Building a real-time streaming UI in JavaScript

In browser applications, you stream from your backend to the browser. Your backend streams from the AI provider, and the browser connects to your backend via the browser's native EventSource API or by reading a ReadableStream from a fetch response.

// Frontend JavaScript — streaming from a backend endpoint

async function streamChat(userMessage) {
  const outputEl = document.getElementById('output');
  outputEl.textContent = '';

  // POST to your backend, which streams from the AI provider
  const response = await fetch('/api/chat/stream', {
    method: 'POST',
    headers: { 'Content-Type': 'application/json' },
    body: JSON.stringify({ message: userMessage })
  });

  if (!response.ok) {
    outputEl.textContent = 'Error: ' + response.statusText;
    return;
  }

  // Read the streaming response body
  const reader = response.body.getReader();
  const decoder = new TextDecoder();

  while (true) {
    const { done, value } = await reader.read();
    if (done) break;

    // Decode the chunk and parse SSE format
    const chunk = decoder.decode(value, { stream: true });
    const lines = chunk.split('\n');

    for (const line of lines) {
      if (line.startsWith('data: ')) {
        const data = line.slice(6).trim();
        if (data === '[DONE]') break;

        try {
          const parsed = JSON.parse(data);
          const content = parsed.choices?.[0]?.delta?.content;
          if (content) {
            outputEl.textContent += content;
            // Auto-scroll as content arrives
            outputEl.scrollTop = outputEl.scrollHeight;
          }
        } catch (e) {
          // Skip malformed chunks
        }
      }
    }
  }
}

// Python FastAPI backend that proxies the stream:
/*
from fastapi import FastAPI
from fastapi.responses import StreamingResponse
from openai import OpenAI

app = FastAPI()
client = OpenAI()

@app.post("/api/chat/stream")
async def chat_stream(request: dict):
    async def generate():
        stream = client.chat.completions.create(
            model="gpt-4o-mini",
            messages=[{"role": "user", "content": request["message"]}],
            stream=True
        )
        for chunk in stream:
            content = chunk.choices[0].delta.content or ""
            if content:
                import json
                data = json.dumps({"choices": [{"delta": {"content": content}}]})
                yield f"data: {data}\n\n"
        yield "data: [DONE]\n\n"

    return StreamingResponse(generate(), media_type="text/event-stream")
*/

When NOT to stream

Streaming is not always the right choice. There are cases where the non-streaming API is strictly better:

Batch processing pipelines

When you are processing 1000 documents overnight and no human is watching, streaming adds complexity with no benefit. Use the standard API, parallelize requests, and focus on throughput. For bulk workloads, use the Batch API at 50% cost.

Structured output parsing

If you are using JSON mode or structured outputs, you cannot parse the result until it is complete. Streaming has no benefit here — you receive fragments of JSON that you cannot use until the full object arrives. Use the non-streaming API.

Short responses

For responses under 50 tokens — one-word answers, classifications, simple extractions — the overhead of setting up and managing a stream outweighs any UX benefit. The total latency is often lower without streaming.

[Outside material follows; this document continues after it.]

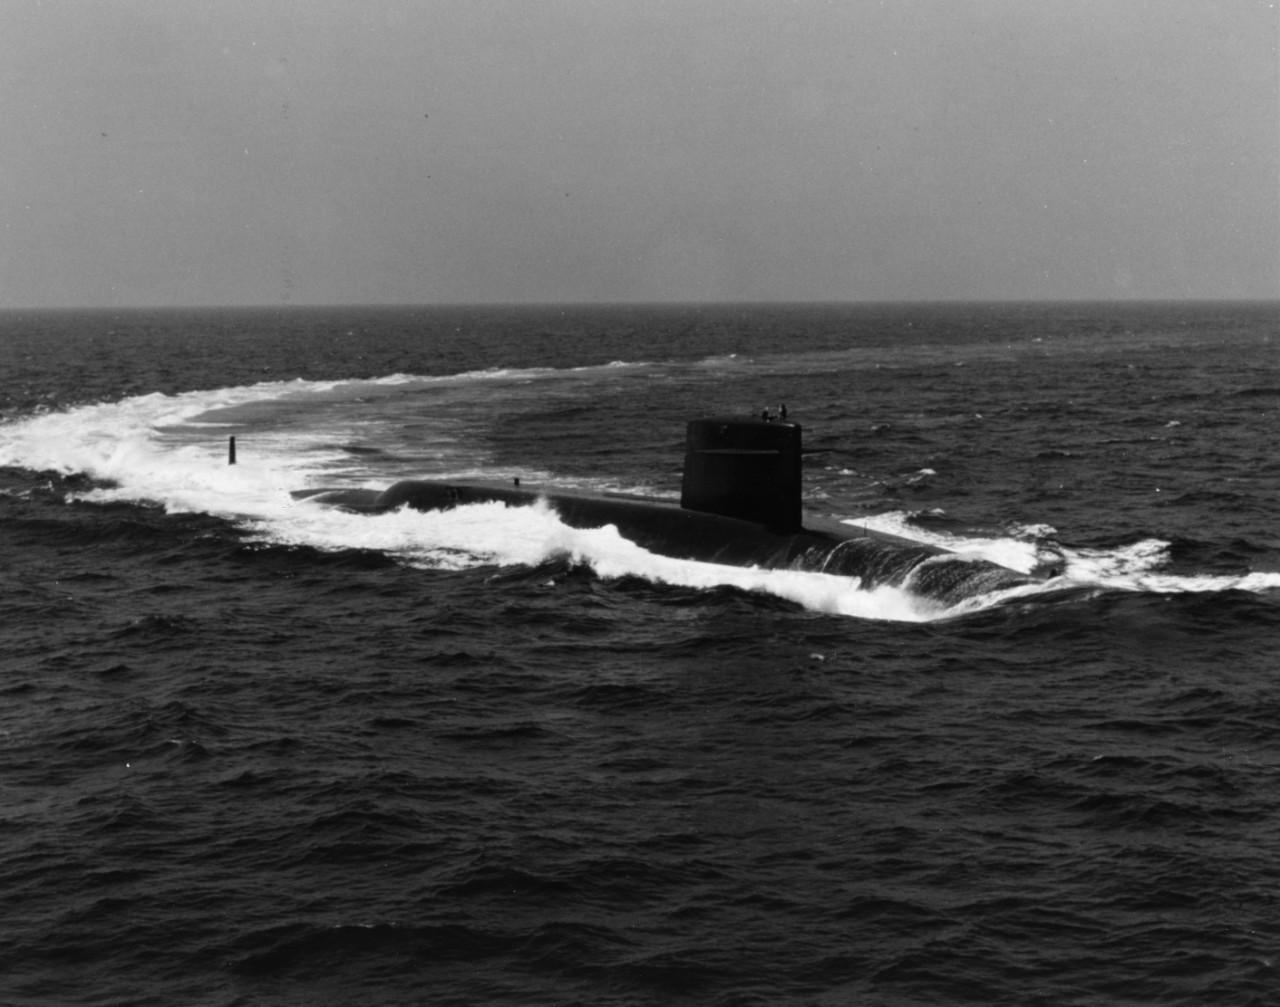 Starboard bow view of nuclear powered ballistic missile submarine USS Woodrow Wilson (SSBN-624) underway on the surface off the coast of South Carolina

Downstream processing required before display

If your application needs to post-process, validate, or transform the complete response before showing it to the user, streaming provides no benefit and adds complexity. Render-then-display is simpler than stream-and-transform.

Streaming is table stakes for chat UIs

Any chat interface that waits for a full response before displaying it will feel broken to modern users. Streaming is the expected behavior. Implement it from the start rather than retrofitting — the streaming code path is different enough from synchronous that a rewrite is often faster than adapting existing code.